But moral hazard does not necessarily imply immoral behaviour or fraud. Rather, the term is used by economists to describe inefficiencies that can occur when risks are displaced, rather than the ethics or morals of the involved parties. When a party is insulated from risk, it may behave differently than if it were fully exposed to that risk.

Moral hazard has become a major issue for executive pay packages. If an executive team is rewarded for the positive outcomes of good investments, but insulated from the negative consequences of investments that turn sour, then we may encourage excessive risk-taking.

Many company boards faced with the prospect of an economic downturn are being pressured to review their executive pay plans. In some cases change is justified. In others it is not.

It is important that boards, regulators and shareholders not over-react. Moral hazard is a manifestation of the owner-agency problem where professional managers manage the business on behalf of absentee owners. Since managers are not owners, they will behave in ways to maximise their own long-term interests, rather than the owners’ interests, unless the interests of managers are aligned with the long-term owners. Maximising short-term shareholder value is not the goal per se, but rather building sustainable shareholder value over the long-term.

Owners want managers to take risks with their capital, but they do not want incentives that encourage excessive risk-taking. It is thought that, without incentives, managers would not be willing to take the risks owners require as a condition of putting their capital to work in private enterprise. But, if we over-react to an economic slowdown that originated elsewhere, and insist that rewards and penalties be equally balanced, then we will be back where we started before we induced management to take risks on behalf of shareholders.

As hired labour, optimal management behaviour will occur if they do not suffer as full a downside as shareholders, and nor should they benefit as much from the upside in the recovery. That is why, in addressing the problem of moral hazard, these considerations suggest putting a portion of, but not all, executive pay at risk for sustainability of performance.

One way to address moral hazard in executive incentives is to avoid asymmetrical bonus systems that have a high upside with limited or no downside. The other way is to better align the financial interests of executives with the interests of long-term shareholders, not short-term speculators. These can be achieved through:

(1) Having the performance period for incentives match the period required to determine whether executive decisions were successful (i.e., long vesting periods for incentive awards), or

(2) Providing that a portion of earned incentives or equity is held back and subject to future risk if the strong performance that justified the reward is not sustained in future years.

Australian companies are relatively well positioned on both of these:

  • Unlike many of their American counterparts that originated the world’s current economic problems, Australian companies commonly have long term equity-based incentive plans requiring defined performance standards to be measured and met over a period of 3 or more years for the vesting of equity in the company.
  • While there has been a disconcerting trend to focus on short term performance lately, many companies now require that some part of the annual bonus be held over as shares, accessible only after some years.

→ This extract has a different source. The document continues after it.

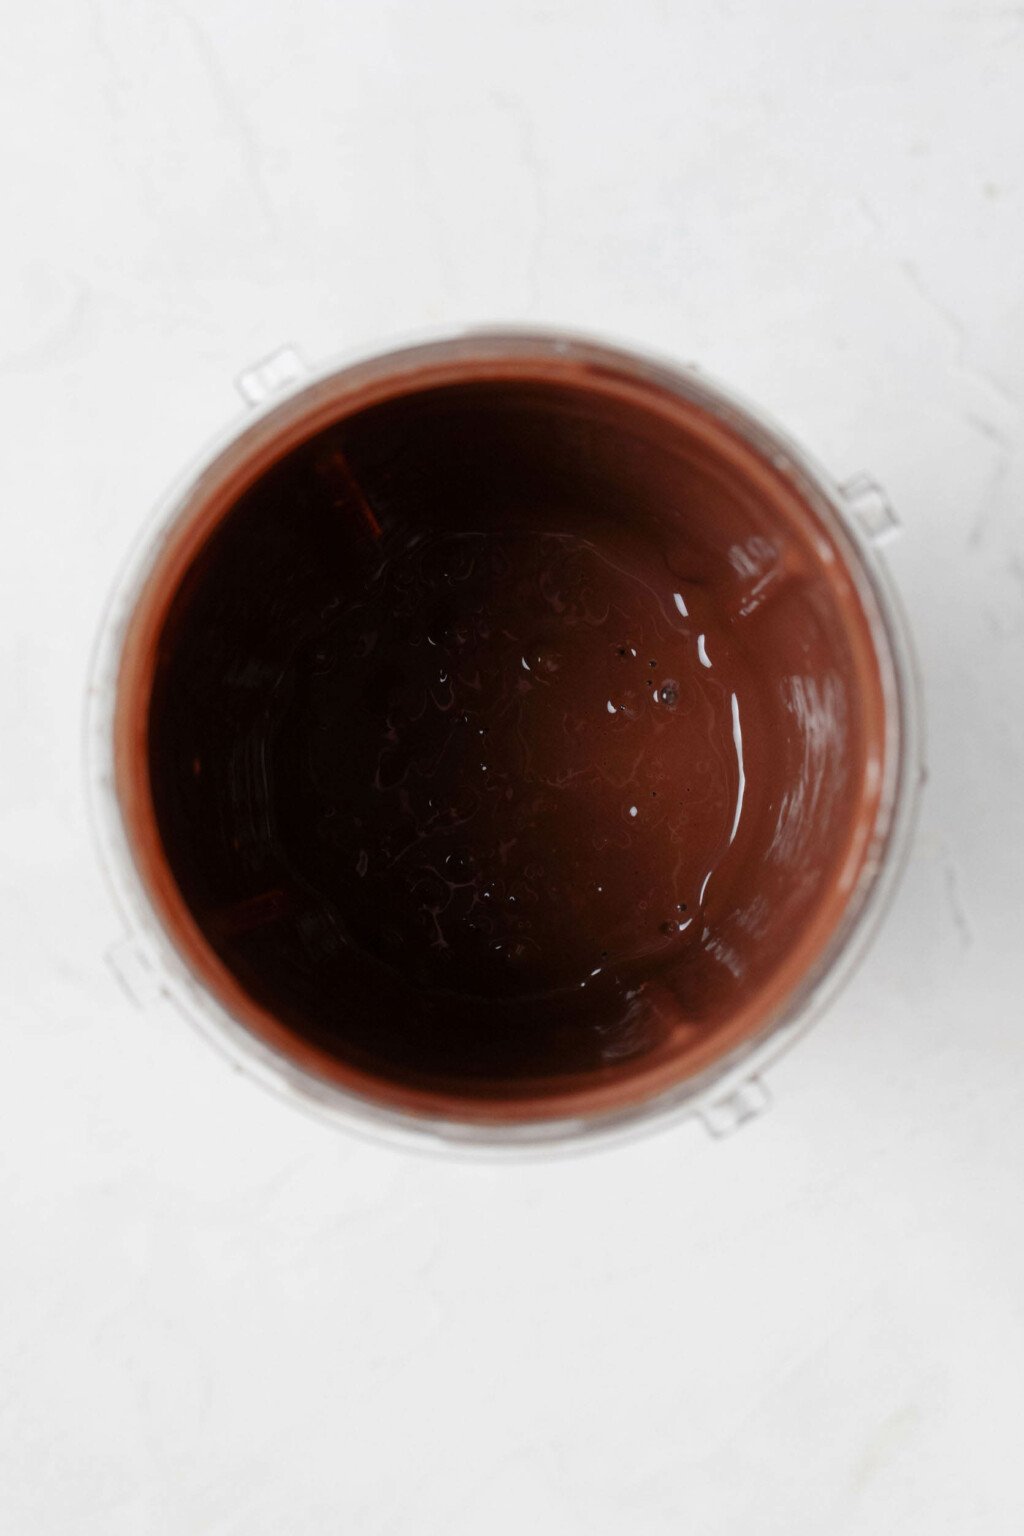 An overhead image of a portable blender, which is filled with a homemade chocolate pudding mixture.

But, while Australian company executive remuneration plans, including equity plans, are well managed and governed, there is more that can be done to mitigate moral hazard in incentive design and governance practices. While some or all of these are not appropriate for all companies, a few suggestions include:

  1. Consider share ownership policies. These policies provide market penalties for management decisions that look good initially but ultimately prove unsuccessful. Only a few Australian companies have share ownership policies requiring executives to build and hold substantial ownership positions in company shares, but these include the well managed Australian banks.
  2. Hold shares past retirement. Require executives to hold shares for some time after they depart. Unfortunately, most share ownership policies do not transcend employment, allowing executives who see trouble coming to quit and sell their company shares. In addition, Australian tax regulations penalise the executives of any company requiring shares provided under employee equity plans to be held past termination, and remain a barrier to a better remuneration governance system.
  3. Restrict access to the gains on exercising options. Requiring executives to hold half of the net after-tax profit shares remaining after covering the option exercise price and taxes for one year after exercise is not onerous. It would function as a form of risk management if the executives exercised at a high point and the shares subsequently declined because of poor performance.
  4. Pay part of the bonus in restricted shares. Some Australian companies, including the banks, already do this. If a company has a high proportion of annual bonus in its senior executive pay mix, it is reasonable to pay a portion of bonus in restricted shares that are only accessible some time later. That way, strong but unsustainable performance in the bonus year would entail a penalty in the form of a decline in restricted share value if performance subsequently falters.
  5. Consider making executives earn their bonus twice. A portion of the annual cash bonus would be deferred in the form of a three-year long-term incentive, with ultimate payment ranging from 0-150% of the deferred amount based on cumulative three-year performance. The justification is that strong performance in the bonus year is not worth as much to shareholders if that strong performance is not sustained in future years.

None of these approaches requires additional government intervention or regulation. The government can best help by fixing current tax regulation. Otherwise, all that is required is a decision by the company’s board.